Statistically Enhanced Learning: a Formalization Framework of Feature Extraction Techniques
Conference
64th ISI World Statistics Congress
Format: CPS Poster
Keywords: extraction, feature, learning, machine learning, statistics
Session: CPS Posters-02
Monday 17 July 4 p.m. - 5:20 p.m. (Canada/Eastern)
Abstract
In the field of Machine Learning (ML) the preparation of the data is often considered more important than the model itself. ML students are usually taught that 80% of the workload on an ML project is preparing the data.
The 20% remaining are left for modelling. While this is crucial to get a reliable model with high performance, there is little literature covering data preparation and its benefit to models.
In this work, we will present the method of Statistically Enhanced Learning (SEL), a generalization and formalization framework of existing data preparation steps in ML that rely on statistical estimators.
In SEL, learning, as the general term, stands for the large spectrum of data driven learning techniques (from classical statistical to advanced deep learning models).
The term statistical refers to features that are generated using observed variables in the practitioner's data set.
They can range from basic estimators of mean or variance to maximum likelihood based quantities.
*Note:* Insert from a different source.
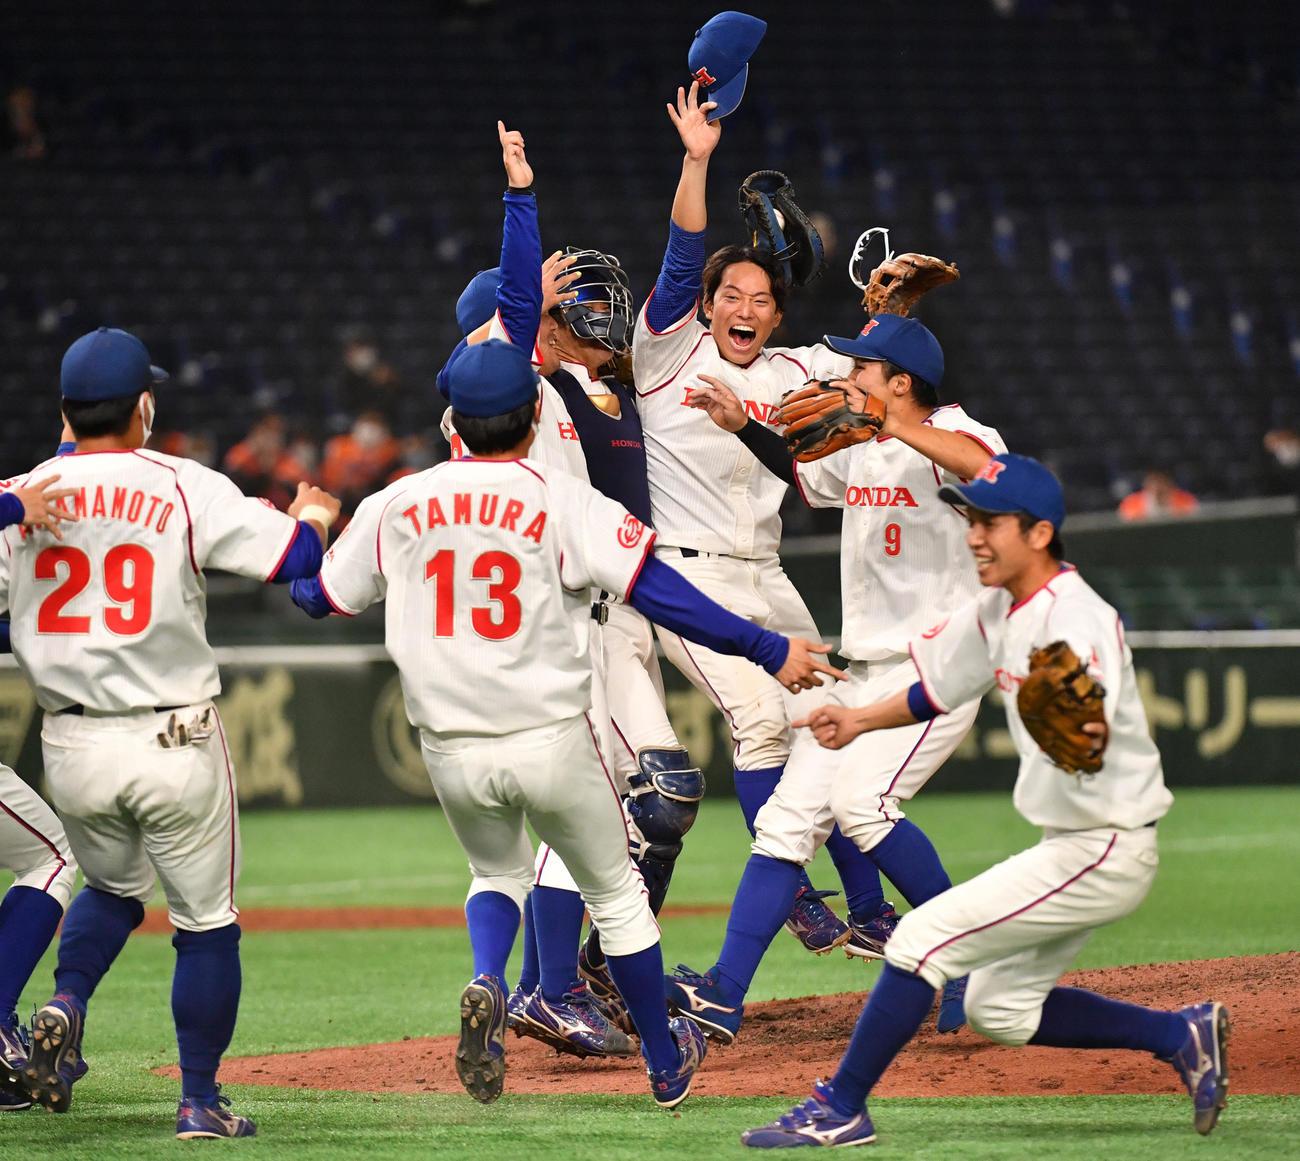 NTT東日本対ホンダ 優勝したホンダナインは歓喜の輪を作る(撮影・柴田隆二)

The difference with classical ML consists in the fact that certain predictors are not directly observed but obtained as statistical estimators.
Our objective is to study SEL theoretically, aiming at establishing convergence results, by simulations, in order to show the increased performance of SEL compared to classical ML.
We also present a practical application whose goal it is to create a prediction model of match results for the women's and men's handball tournaments at the Paris 2024 Olympic Games.